Bernal alzó entonces la vista de las carpetas de la mesa para mirar a sus oyentes, que estaban pendientes de lo que decía.

– ¿Por qué creen -prosiguió- que elegirían un lugar así, aparte por su altura relativa sobre el nivel del mar y por su aislamiento? En realidad, la zona alta que queda sobre Telde sería igualmente adecuada si lo que se buscara fuera la comunicación clandestina por radio con el norte de África o con otra isla del archipiélago…

Ninguno de los presentes propuso una explicación.

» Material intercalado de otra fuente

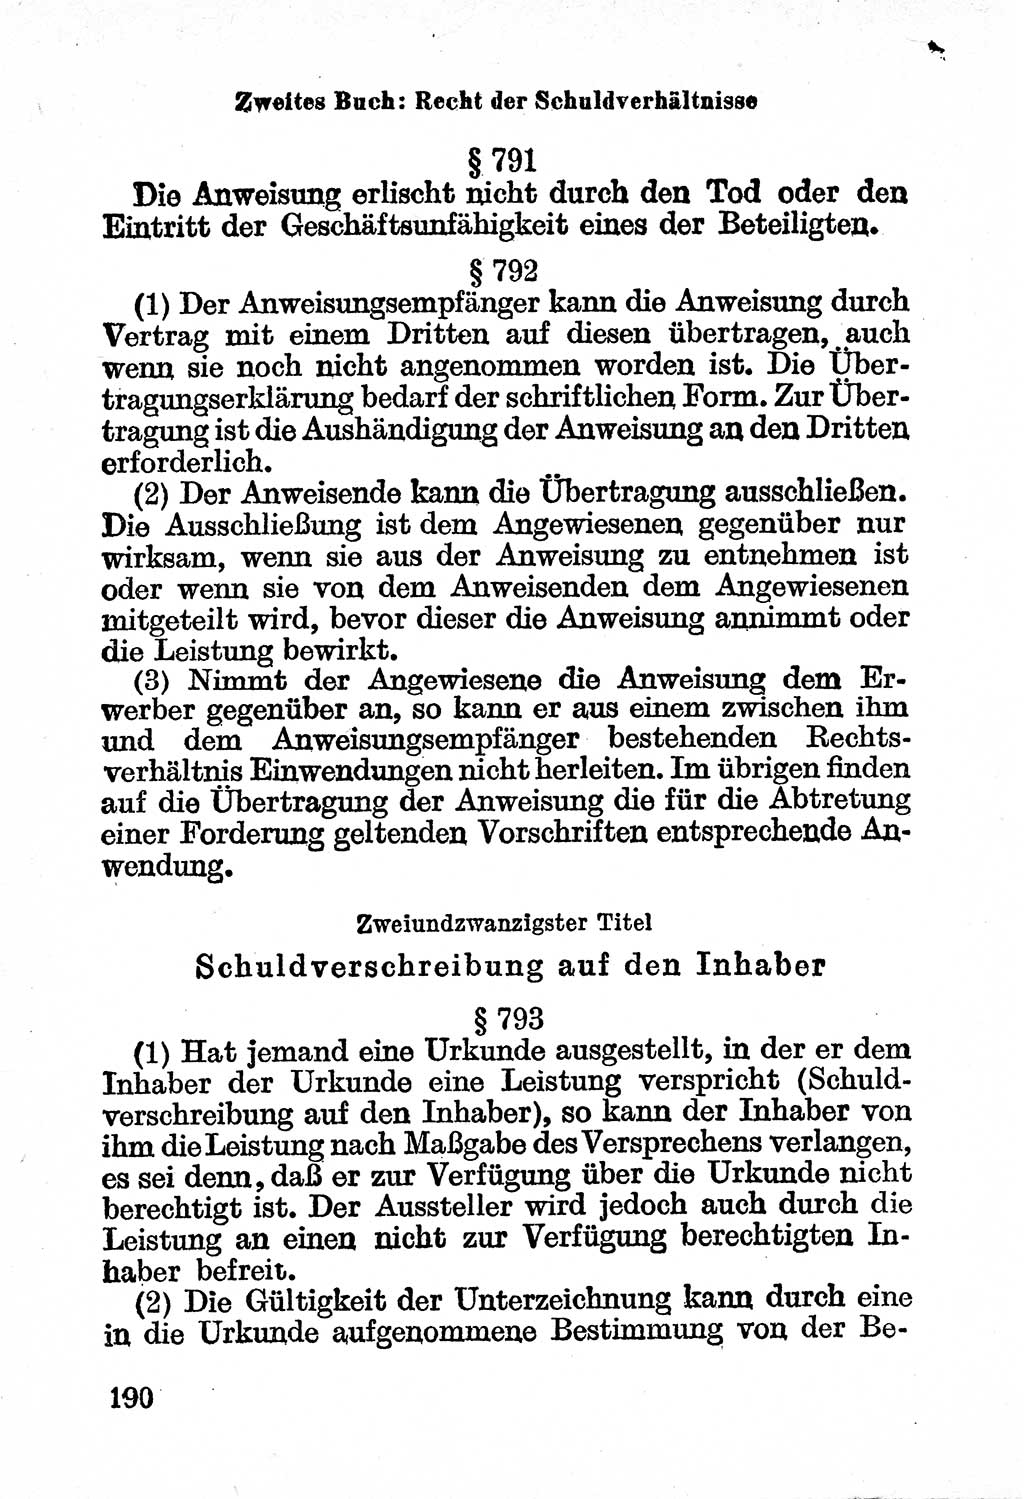 Bürgerliches Gesetzbuch (BGB) nebst wichtigen Nebengesetzen [Deutsche Demokratische Republik (DDR)] 1956, Seite 190 (BGB Nebenges. DDR 1956, S. 190)

– Y luego está el caso de la señora Lozano -continuó Bernal en tono preocupado-. La señora Lozano ocupa un puesto importante en el Banco Ibérico de Madrid y fue destinada temporalmente a la sucursal de Las Palmas. Está en el último mes de embarazo, e hizo algo que, visto desde aquí, parece una temeridad. Resulta que descubrió que una sociedad, llamada Alcorán, recibía todos los meses, en pesetas, la transferencia de una importante suma, procedente de París, a donde el dinero había sido transferido en francos franceses desde Argel. Y que un tal señor Tamarán retiraba todos los meses tales sumas; la señora Lozano fue a visitarle en relación con ciertas irregularidades graves en las cuentas de sus empresas dos días después del incidente en La Isleta. Resulta ahora evidente que con su visita asustó a los conspiradores. La secuestraron, seguramente aquel mismo día por la noche en el aeropuerto de Gando y, que sepamos, aún sigue secuestrada. Se fueron de las oficinas que tenían alquiladas en la calle de Pío XII, dejando atrás pruebas de haber estado utilizando allí instalaciones de radio; una de las inquilinas del inmueble estaba furiosa por las complicadas antenas colocadas en la azotea que le impedían tender la ropa -Bernal sacó una carta del bolsillo-. En un registro de las oficinas de Alcorán encontré la copia de una carta urgente que, en principio, sólo me pareció una inocente carta de negocios escrita por el señor Tamarán a un tal señor Mencey, de la Rue Lafayette de Argel. Está escrita en francés, pero la esencia de dicha carta es que hasta el dieciocho de julio las bases comerciales tenían que cambiarse de repente y que los coeficientes que regirían a partir de entonces para el cálculo de beneficios serían los que figuraban a continuación. Fíjense en la fecha del dieciocho de julio. Luego se dan una serie de cifras que para mí carecen de significado, pero quiero que las analicen en la sección de claves -Bernal pasó la carta al gobernador militar, que la examinó con curiosidad-. No comprendí la importancia del nombre Mencey hasta ayer por la noche; anoche la señora Lozano consiguió escapar y hacernos llegar un mensaje sobre un «Plan Mencey», que, al parecer, consiste en una tentativa de tomar el poder en las islas el dieciocho de julio.

– Pero, jefe, todavía no entiendo -terció Navarro en este punto- cómo puede establecerse la conexión entre el hombre y la mujer de La Isleta y el abandono de las oficinas de Pío XII por la empresa Alcorán.

– En principio, no había nada que lo relacionara, Paco, excepto la probable utilización de transmisores de radio en ambos lugares. Pero cuando esta mañana encontramos en la Caldera de los Marteles a Catalina Umiaga, a la que mataron a golpes Tamarán o sus secuaces, comprendí el modus operandi era el mismo. Había sido brutalmente golpeada y habían arrojado el cadáver a la fisura volcánica, igual que habían arrojado el cuerpo del ciego al mar en Las Canteras. Y entonces me dije: ¿por qué, si alguien tiene un transmisor en Pío XII, necesitará otro en lo alto de La Isleta? Cuando estábamos allá arriba, el inspector Guedes me indicó la proximidad de los principales transmisores y receptores de radio, del tráfico oficial civil y militar y de la emisora del guardacostas. Eso significa que los mensaje de radio ilegales serían prácticamente indetectables por los medios de detección y vigilancia ordinarios, y que sería absolutamente imposible controlarlos, porque se mezclarían con las transmisiones legales. El lugar era también un excelente refugio desde el que atacar y tomar los principales sistemas de comunicación de radio de la isla cuando llegara el momento. La otra instalación en Pío XII pasaría como la actividad comercial normal de una empresa importante, y los conspiradores tenían que contar con un respaldo.